AMAZON CUTS WHOLE FOODS PRICES

Amazon.com Inc. spent its first day as the owner of a brick-and-mortar grocery chain cutting prices at Whole Foods Market as much as 43 percent.

In a sign of how the retailer is changing, the Amazon Echo, a voice-activated electronic assistant, was also for sale, for $99.99 — a sharp pivot into electronics for a company known for kale and quinoa. The Echo Dot, a smaller version, was advertised for $44.99.

The tech giant’s $13.7 billion purchase of Whole Foods has sent shock waves through the already changing $800 billion supermarket industry. The wedding between Amazon and the upscale grocery promises to upend the way customers shop for groceries. Cutting prices at the chain with such an entrenched reputation for high cost that its nickname is Whole Paycheck is a sign that Amazon is serious about taking on competitors such as Wal-Mart Stores Inc., Kroger Co. and Costco Wholesale Corp.

“Price was the largest barrier to Whole Foods’ customers,” said Mark Baum, a senior vice president at the Food Marketing Institute, an industry group. “Amazon has demonstrated that it is willing to invest to dominate the categories that it decides to compete in. Food retailers of all sizes need to look really hard at their pricing strategies, and maybe find some funding sources to build a war chest.”

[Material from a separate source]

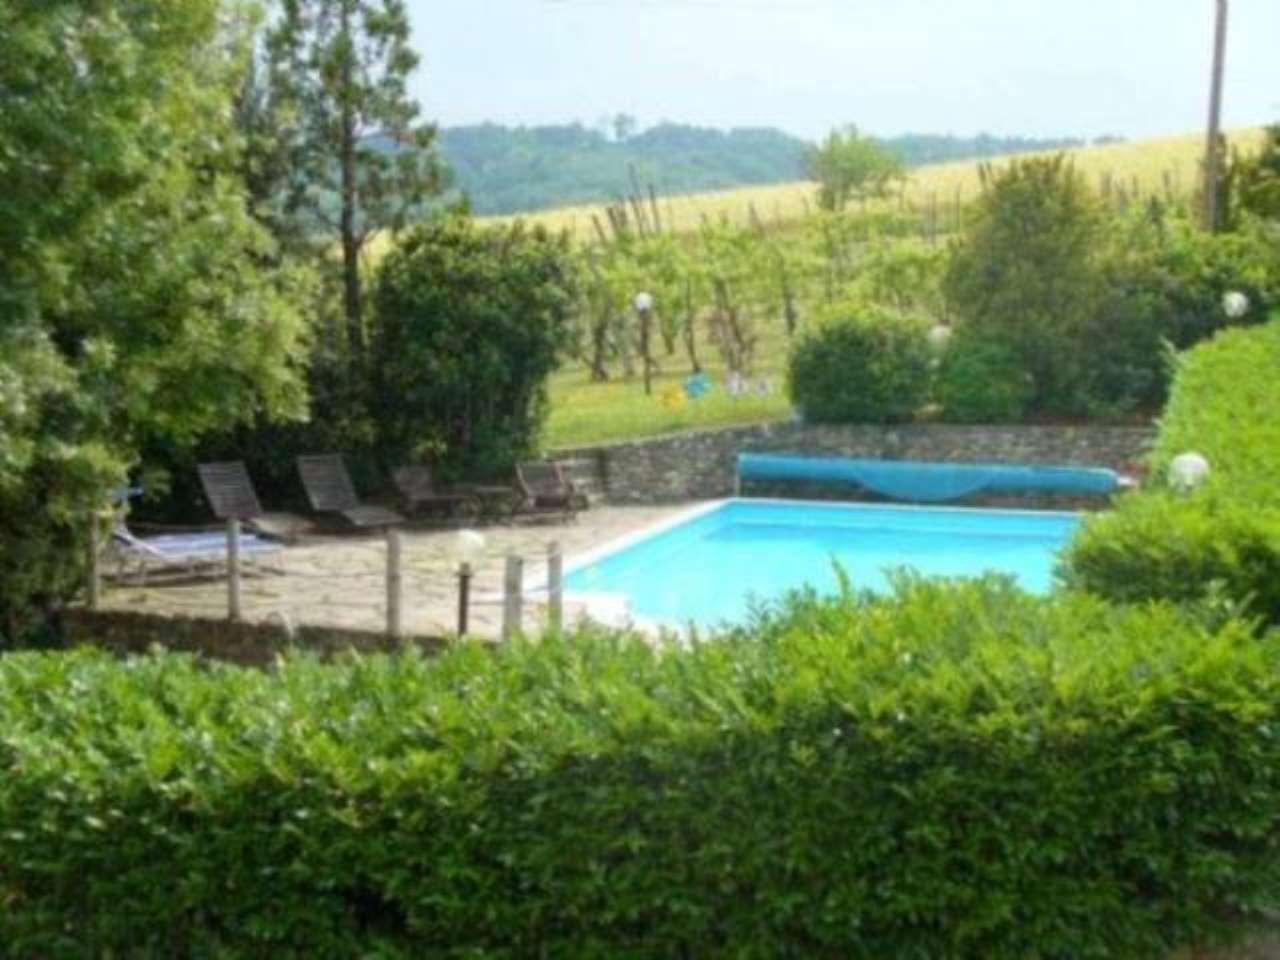 Villa in vendita a Sasso Marconi, 6 locali, prezzo € 1.375.000 | CambioCasa.it

How Amazon’s Price Cuts May Not Solve Whole Foods’ Problems: Gadfly

At the store on East 57th Street in Manhattan, organic fuji apples were marked down to $1.99 a pound from $3.49 a pound; organic avocados went to $1.99 each from $2.79; organic rotisserie chicken fell to $9.99 each from $13.99, and the price of some bananas was slashed to 49 cents per pound from 79 cents. The marked-down items had orange signs reading “Whole Foods + Amazon.” The signs listed the old price, the new price and “More to come.”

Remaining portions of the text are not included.